News from the Tennessee Valley Opinion
SUNDAY, APRIL 30, 2006


Government pokes holes in our history in pursuit of leaks

By Paul K. McMasters

Federal officials have opened up yet another front in their increasingly aggressive efforts to control information. The primary target is the press, but the inevitable result will be to homogenize political discourse and sanitize this nation's memory of its past.

The news broke this month that, shortly after the death of legendary investigative reporter Jack Anderson last December, FBI agents contacted his widow and demanded access to 188 boxes of his papers destined for transfer to George Washington University archives.

The FBI apparently wanted to search Anderson's notes and source material for evidence to use in the government's prosecution of two former lobbyists. Agents also said they would have to remove any classified information they might find.

Anderson's family rejected the demand. They doubt the papers contain anything relevant to the FBI's stated interest. More important, they see this move as a violation of Anderson's values and legacy. As Anderson himself wrote several years ago: "When something has come across my desk classified as a national security secret, it has involved the misdeeds and manipulations of people who had abused the public trust, and then had swept the evidence under the secrecy stamp."

This tug of war over the Anderson papers is just the latest in a chilling series of government threats to press practices and principles, to historical accuracy and to the public's right to know.

Journalists committed to reporting fully and responsibly on national-security issues and developments are being hauled into court and threatened with prison if they don't give up their sources inside government.

Protections for those sources are being dismantled. Investigations pursue the sources of leaks that produced such stories as the warrantless surveillance of Americans by the National Security Agency and the CIA's secret interrogation centers.

Proposals for an "official secrets act" are being floated in Congress. Government lawyers are stepping up their use of the state-secrets doctrine to cut short inconvenient court cases.

The most pernicious development in this legal adventurism, however, is the effort to get the courts to sanction the unprecedented premise that recipients of classified information can be prosecuted under the 1917 Espionage Act.

Apparently, the FBI is bolstered by that assumption in going after the Anderson papers. "Under the law, no private person may possess classified documents that were illegally provided to them," FBI spokesman Bill Carter told The New York Times.

There has never before been a prosecution of the press under the Espionage Act; indeed, there had been no prosecution of nongovernment individuals until federal prosecutors went after Steven Rosen and Keith Weissman, who were working with the American Israel Public Affairs Committee when they received classified information from a Pentagon employee. Their trial is scheduled for next month.

Although the judge in that case has endorsed the idea that recipients of orally passed classified information may be prosecuted, there are some who don't believe they need to wait for the trial's outcome. They are already calling for the use of the Espionage Act to punish journalists who have used classified information to report national-security stories.
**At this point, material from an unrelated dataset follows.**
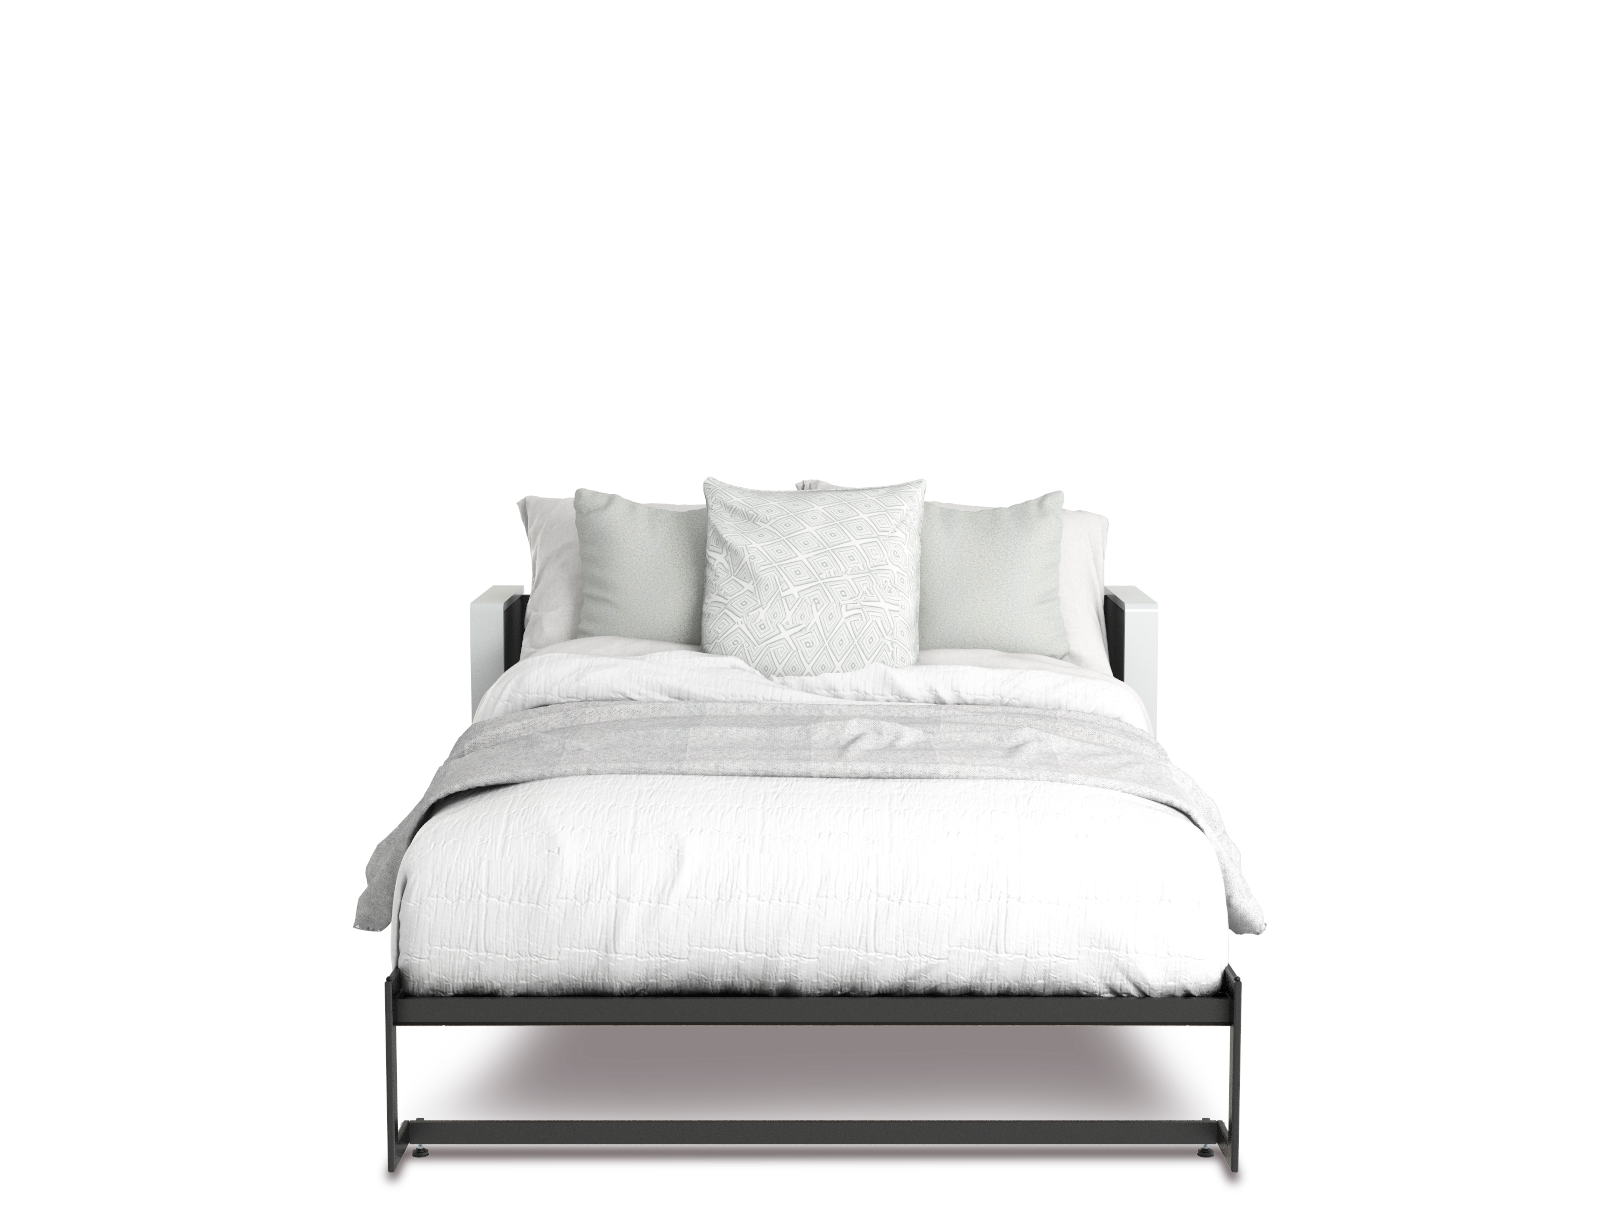 Esentelle base de cama queen size con laminado de madera color tzalam // MS

That would be a terrible mistake.

The law's clear intent was to distinguish between spying for pernicious reasons and leaking for patriotic reasons. The 1950 amendment to the act affirmed that by stating that nothing in the law "shall be construed to authorize, require, or establish military or civilian censorship or in any way infringe upon freedom of the press or of speech as guaranteed by the Constitution of the United States."

In a 1977 memo, Anthony A. Lapham, as general counsel for the CIA, described provisions of the act that government lawyers are embracing today as "vague and clumsy" and said that when it came to publication of books and leaks to the press, "It is extremely doubtful that the provisions were intended to have applications in such situations."

Congress on numerous occasions has rejected attempts to prohibit release of any classified information whatsoever, choosing instead to punish only unauthorized release of selected categories of material.

Patrick Fitzgerald, special prosecutor in the Plame leak case, specifically and publicly declined to consider charges against the press under the Espionage Act.

Even government prosecutors in the AIPAC case concede that applying the act to the press "would raise legitimate and serious issues and would not be undertaken lightly."

That is why, until now, the Justice Department, the intelligence community and Congress have refused to apply the Espionage Act in this manner. Going after journalists, scholars, lobbyists or other recipients of leaked information would have been constitutionally reckless and politically incendiary. Further, it would have closed useful channels of governmental, political and diplomatic discourse and subverted democratic policy-making.

Yet the FBI's demand for Anderson's papers in the government's quest to extend the law's reach reveals that some government prosecutors are eager to write another ugly chapter in the Espionage Act's sordid history. In its 90 years of existence, the act has been used to send thousands of Americans to prison for exercising their First Amendment rights.

It is a history that we rightfully look back on in shame. We shouldn't repeat it.

Paul K. McMasters is First Amendment ombudsman at the First Amendment Center in Arlington, Va.